EXERCISE:
Write the data out again, character for character, with no images.

DATA SHOWN:

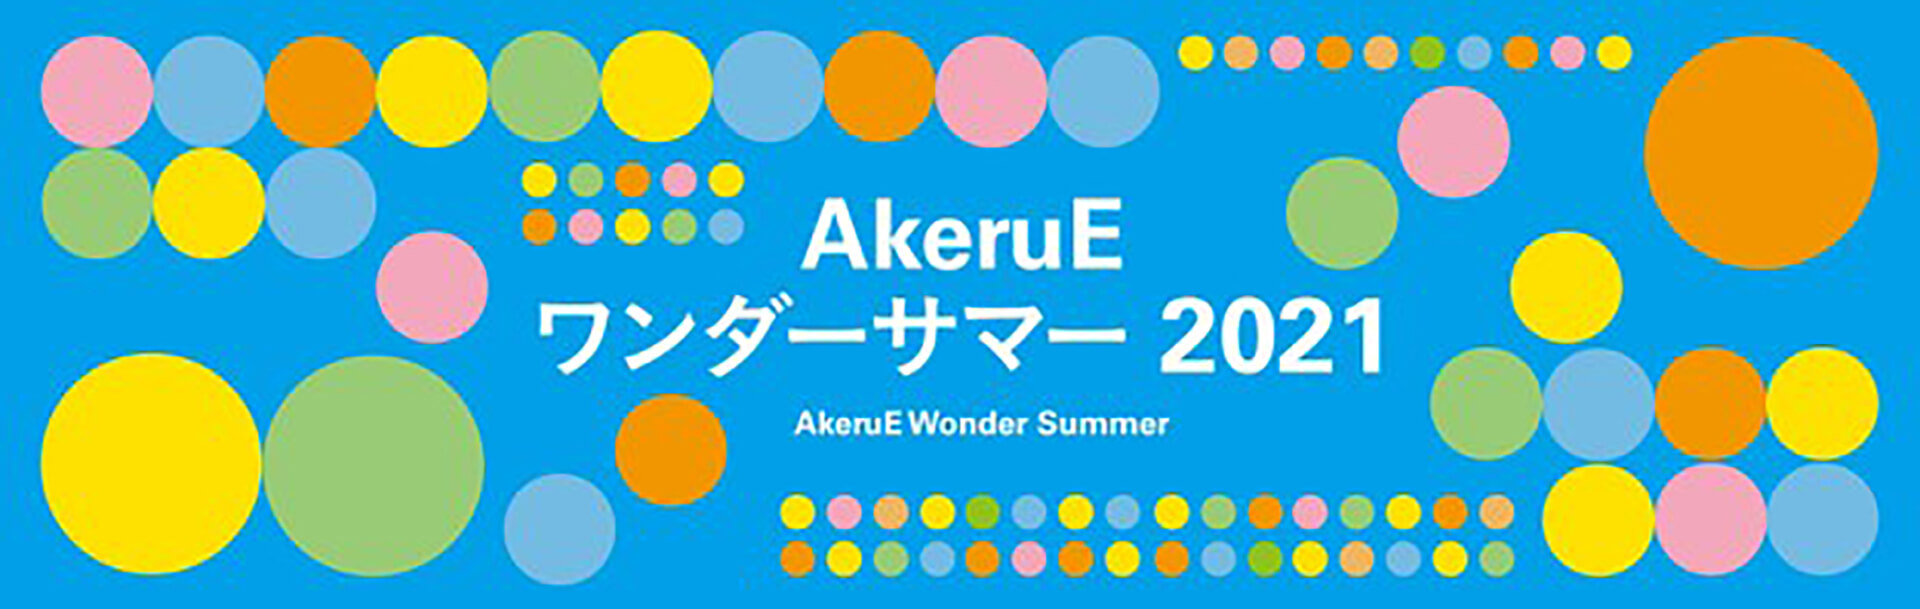 AkeruEワンダーサマー2021
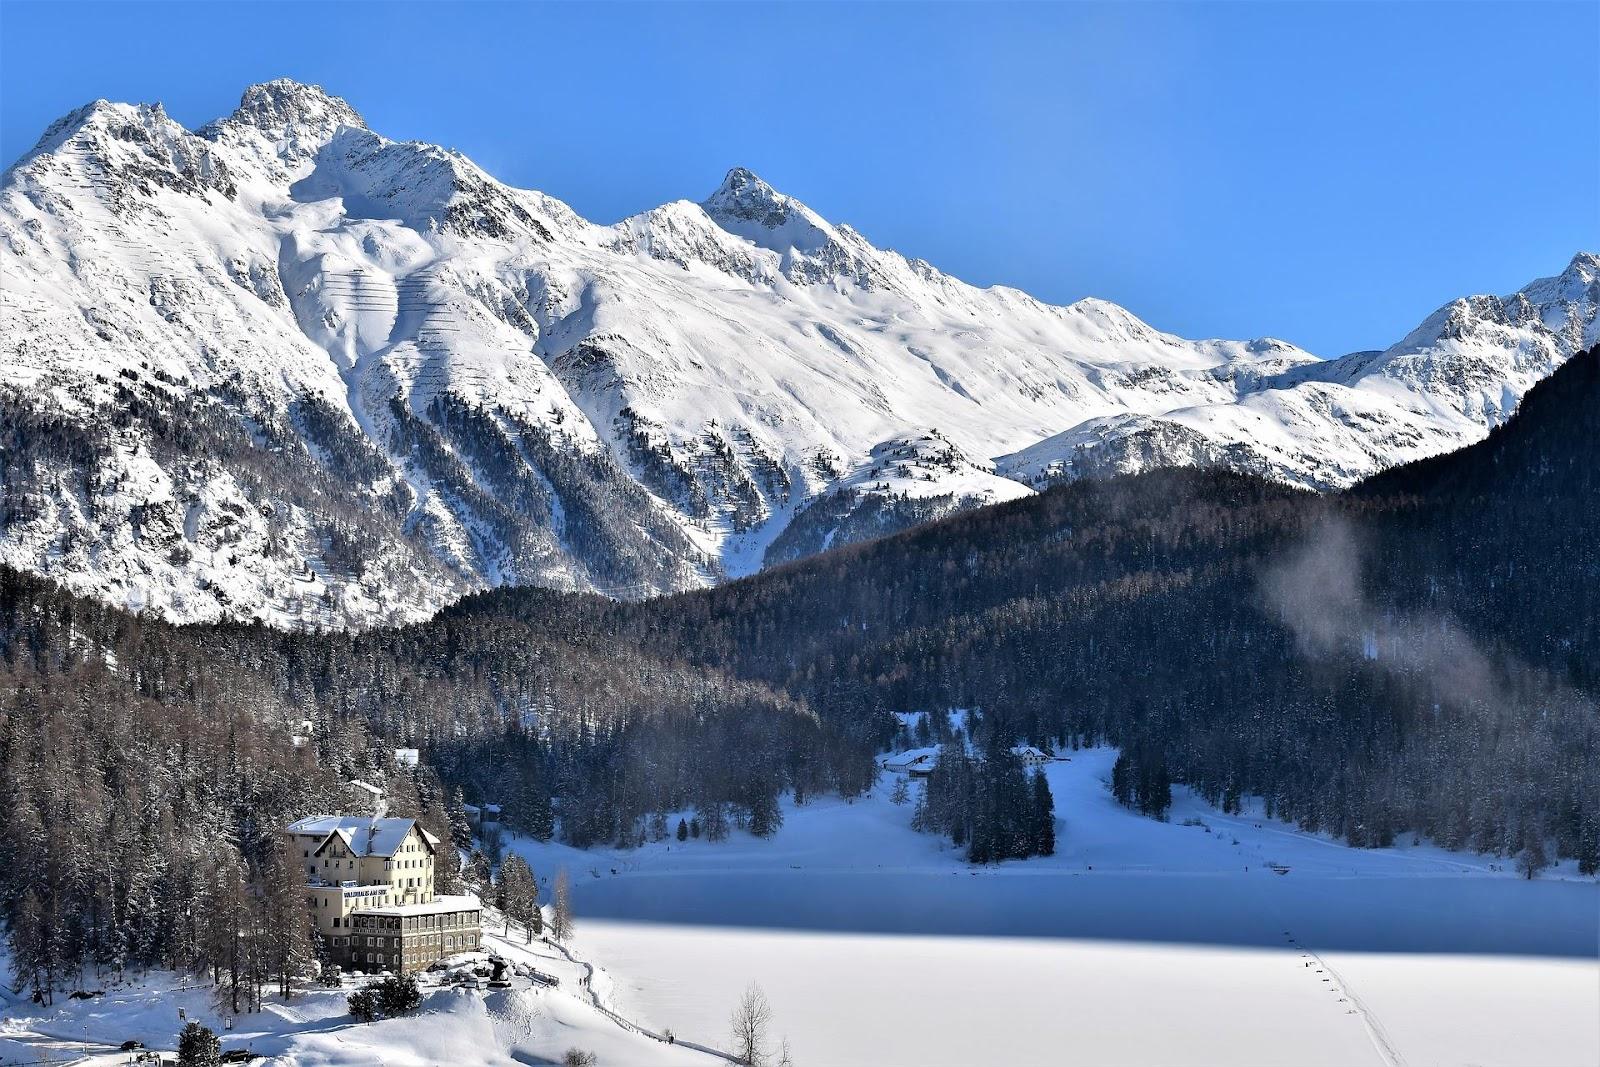 saint moritz ski resort hotel in winter frozen lake alps in background switzerland
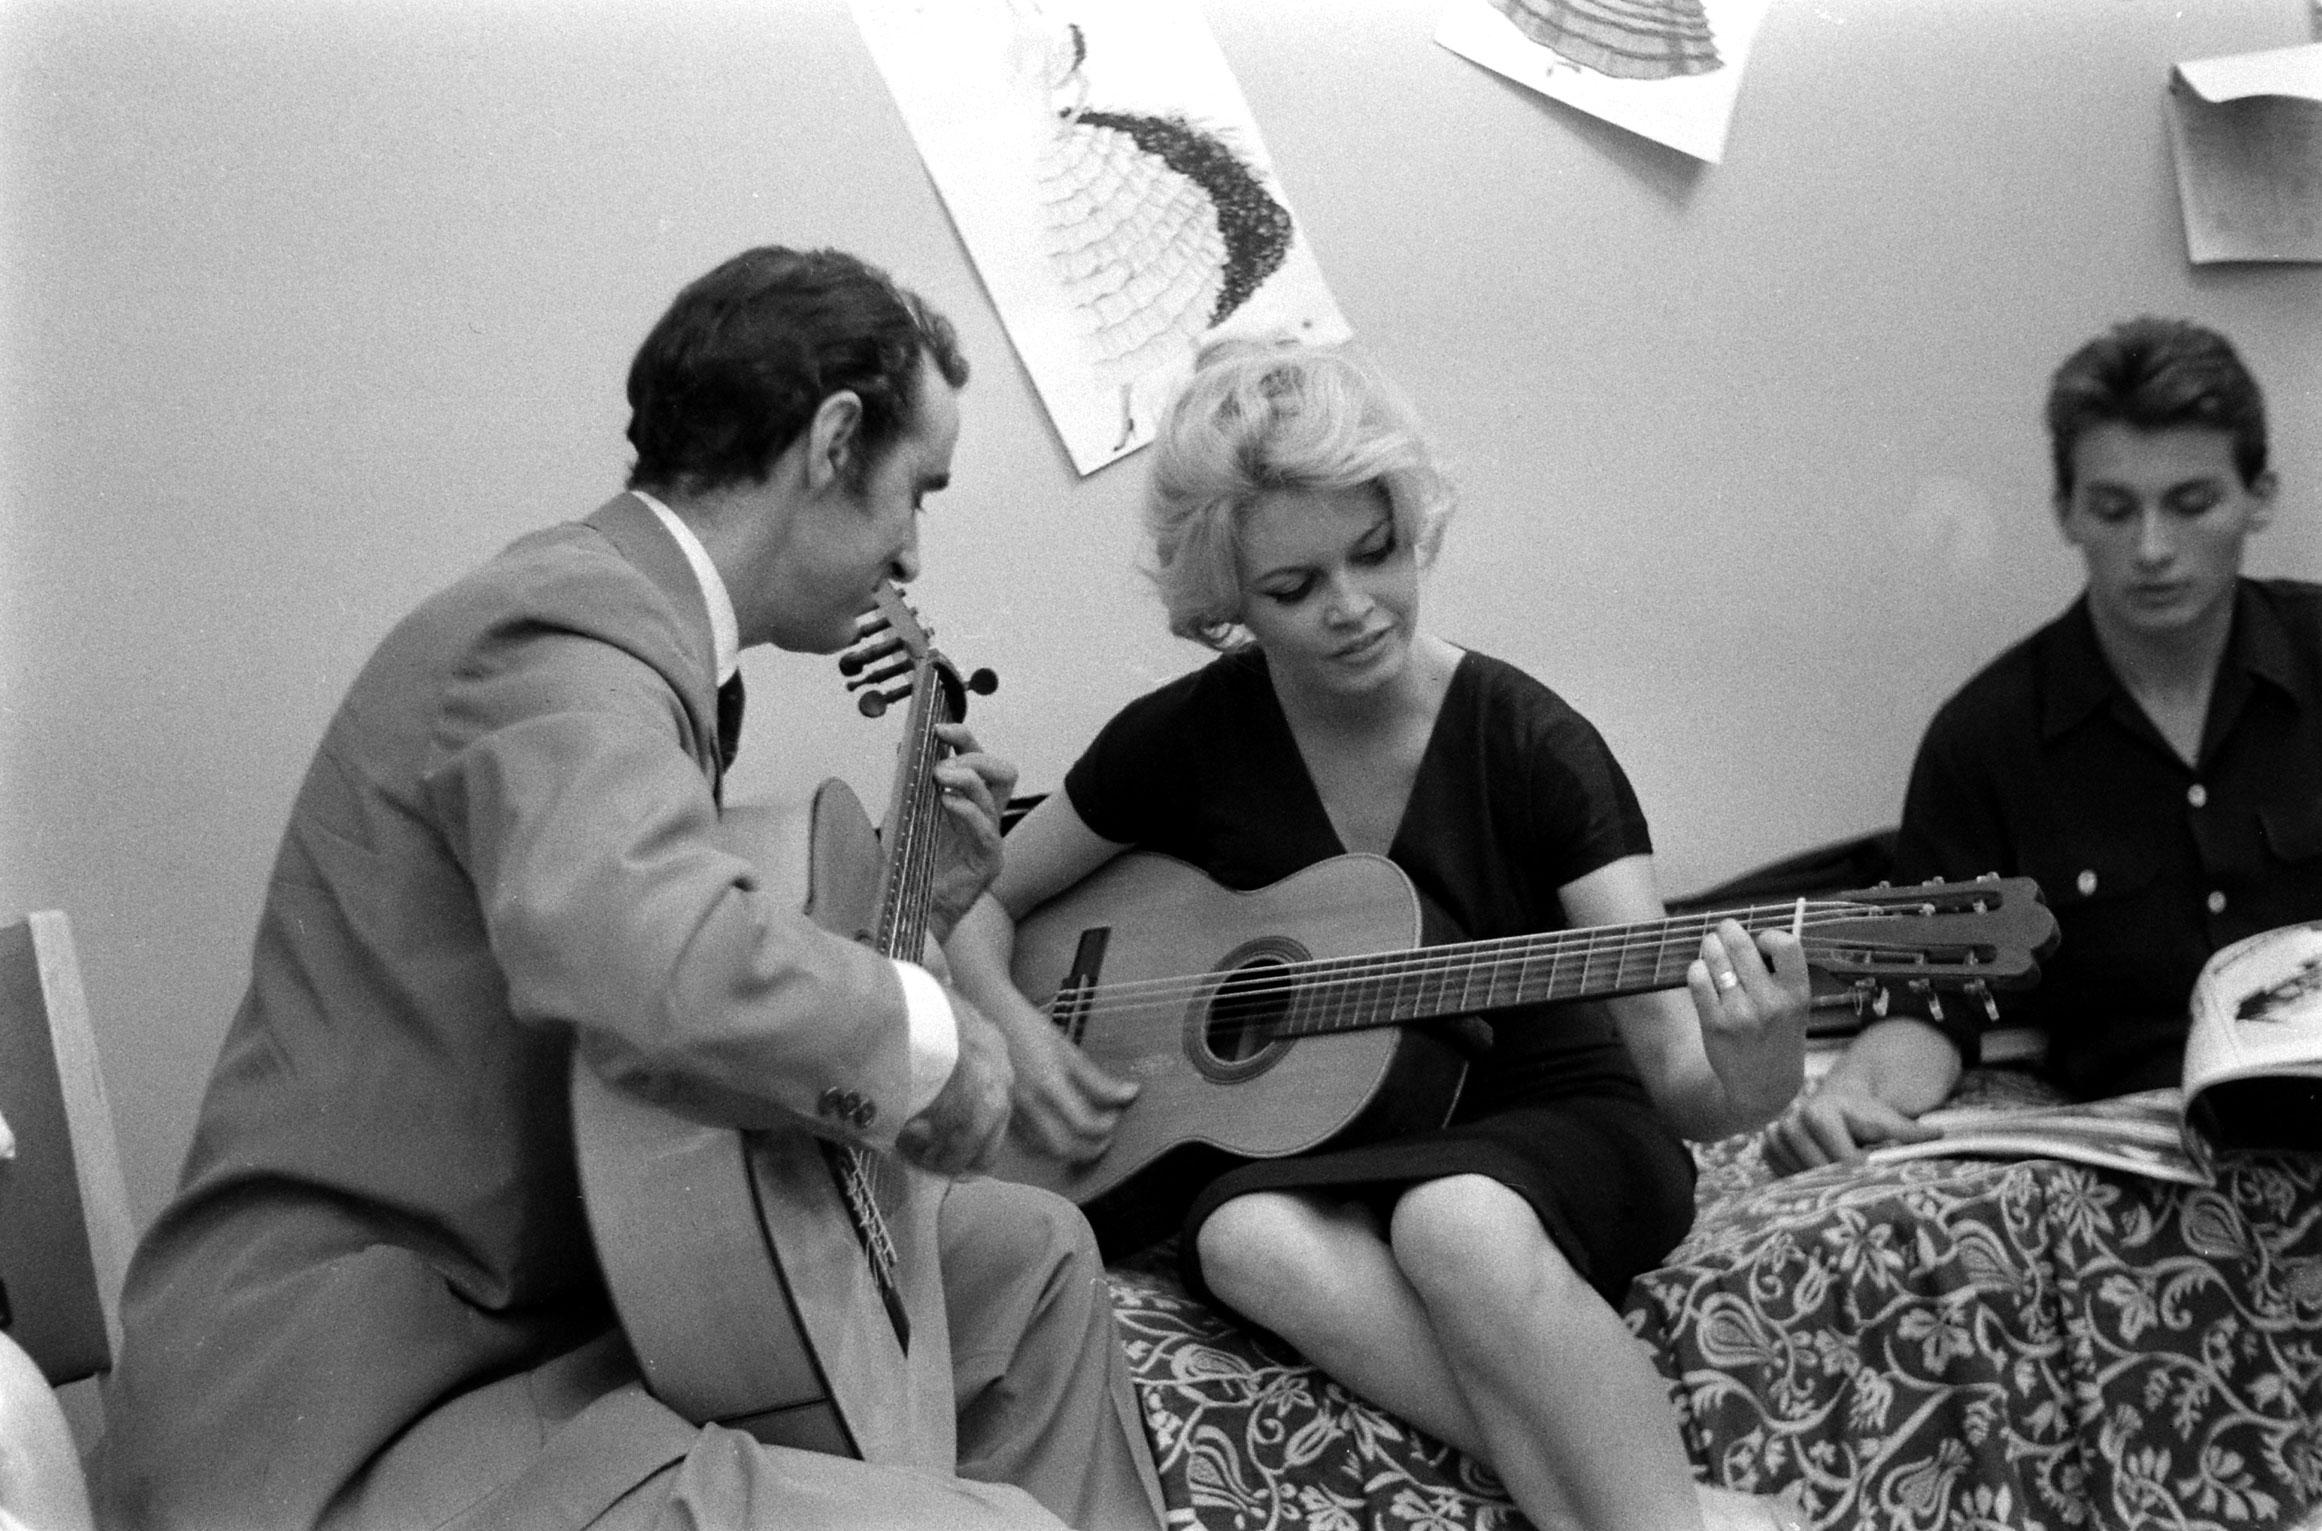 Brigitte Bardot plays the guitar while on the set of the film, <i>La Femme et le Pantin</i>, Spain, 1958.

EXERCISE RESULT:
 AkeruEワンダーサマー2021
 saint moritz ski resort hotel in winter frozen lake alps in background switzerland
 Brigitte Bardot plays the guitar while on the set of the film, <i>La Femme et le Pantin</i>, Spain, 1958.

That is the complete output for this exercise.